Using this approach, the team generated surface acoustic waves vibrating at about 1 gigahertz, meaning billions of oscillations per second. The researchers believe the same design could be pushed into tens or even hundreds of gigahertz.

Traditional SAW devices typically max out at around 4 gigahertz, making the new system far faster.

[…]

Source: Engineers just created a “phonon laser” that could shrink your next smartphone | ScienceDaily

To find out what SAWS are used for and how they work, check out: Trends and Applications of Surface and Bulk Acoustic Wave Devices: A Review

A lot of the applications are in MEMS (Micro-Electro-Mechanical Systems) chips and signal filtering.

It seems to me that the biggest innovation must be that they reduced the spacial periodicity, allowing for a much higher frequency (see formula 1 in the above link)

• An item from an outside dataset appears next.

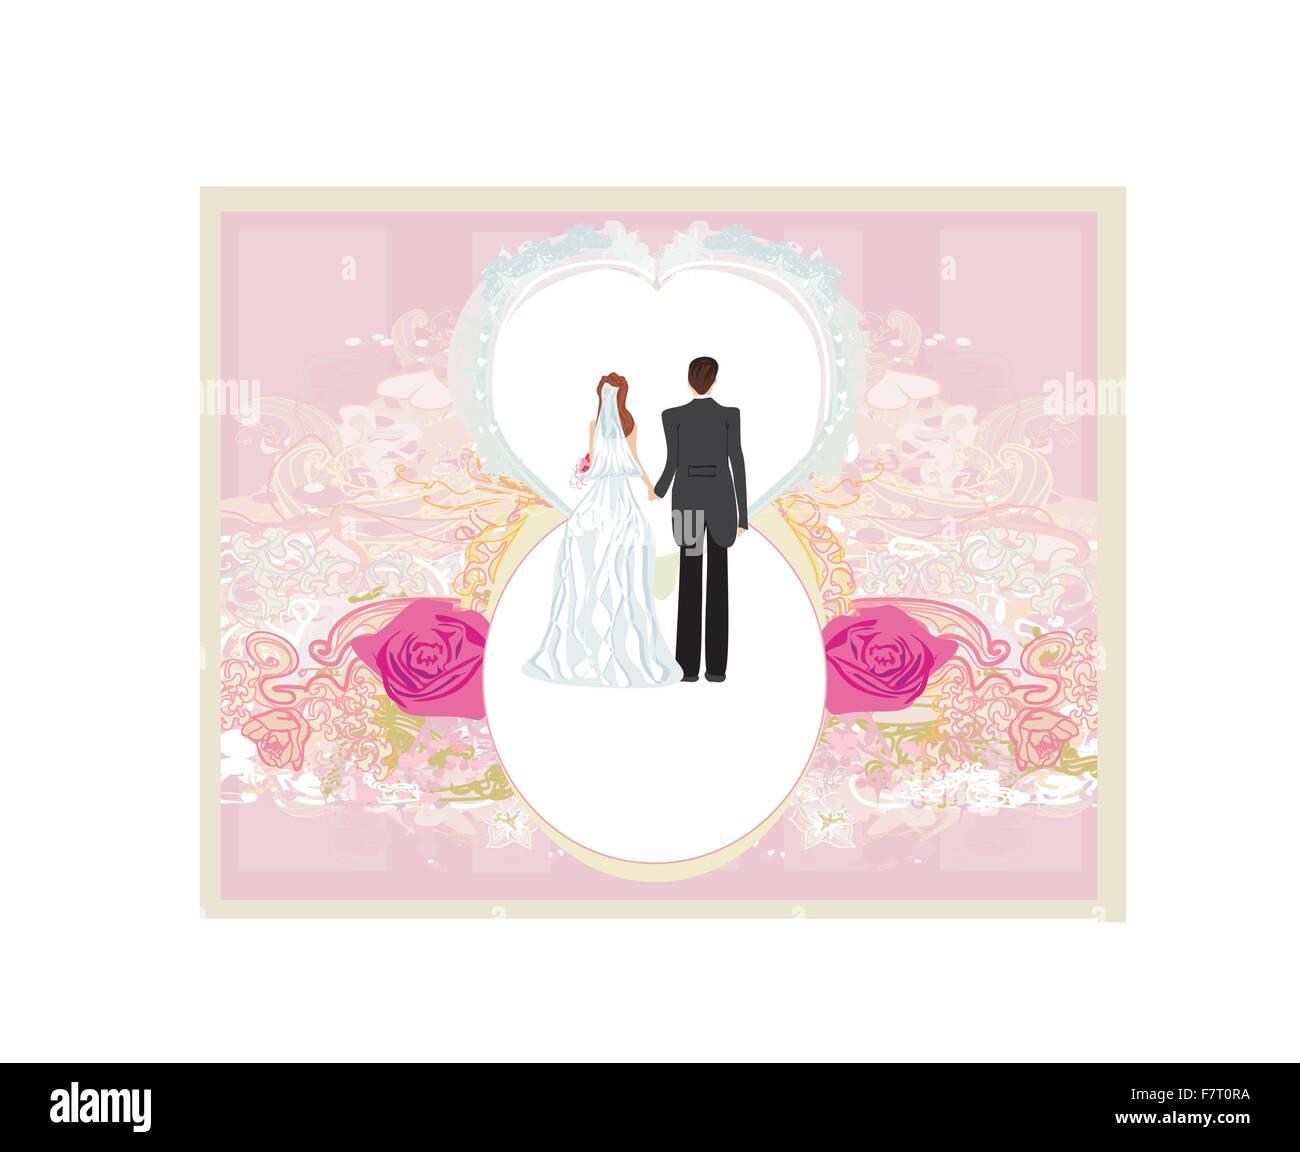 wedding invitation card with a cute couple Stock Vector Art ...

[…] acoustic devices, especially FBARs, represent a broad market as RF filters, compared with conventional electromagnetic devices, thanks to much slower propagation velocity allowing for shorter wavelength and, thus, easy miniaturization and integration into circuits. We then presented another important field of applications of SAW and BAW/FBARs, namely as sensors and actuators. A section was dedicated for their application as physical sensors. Examples of their use for magnetic field, pressure, and temperature monitoring and detection were illustrated. In addition, their application in other fields such as mechanical (in automotive) and orientation measurements were presented. Some examples of SAW-based motors and actuators were also introduced. We then focused on SAW/BAW-based biochemical sensors, which are receiving increasing attention in the research field. Indeed, because of their performances, among them a high sensitivity, a versatile feature that makes them easily functionalized for selectivity, and low cost, they are widely used for gas, liquid, bio-sensing, etc. The sensing applications are still under development, with a rising demand especially for biosensors, since health concerns are more than ever a major topic. As of now, SAW and FBAR devices show a very good capacity for sensing DNA, RNA, proteins, and a wide variety of other bio-compounds. With the COVID-19 pandemic, several biosensors based on SAW and FBAR devices are also reported for the detection of SARS-CoV-2 virus and application for living-matter monitoring is under development, which could be helpful for fast screening of therapeutic nanodrugs, for example. Lastly, we presented current trends related to quantum acoustics, which studies the behavior of phonons and their interactions, as opportunities for new schemes to control quantum information and explore atomic physics beyond photonic systems[…]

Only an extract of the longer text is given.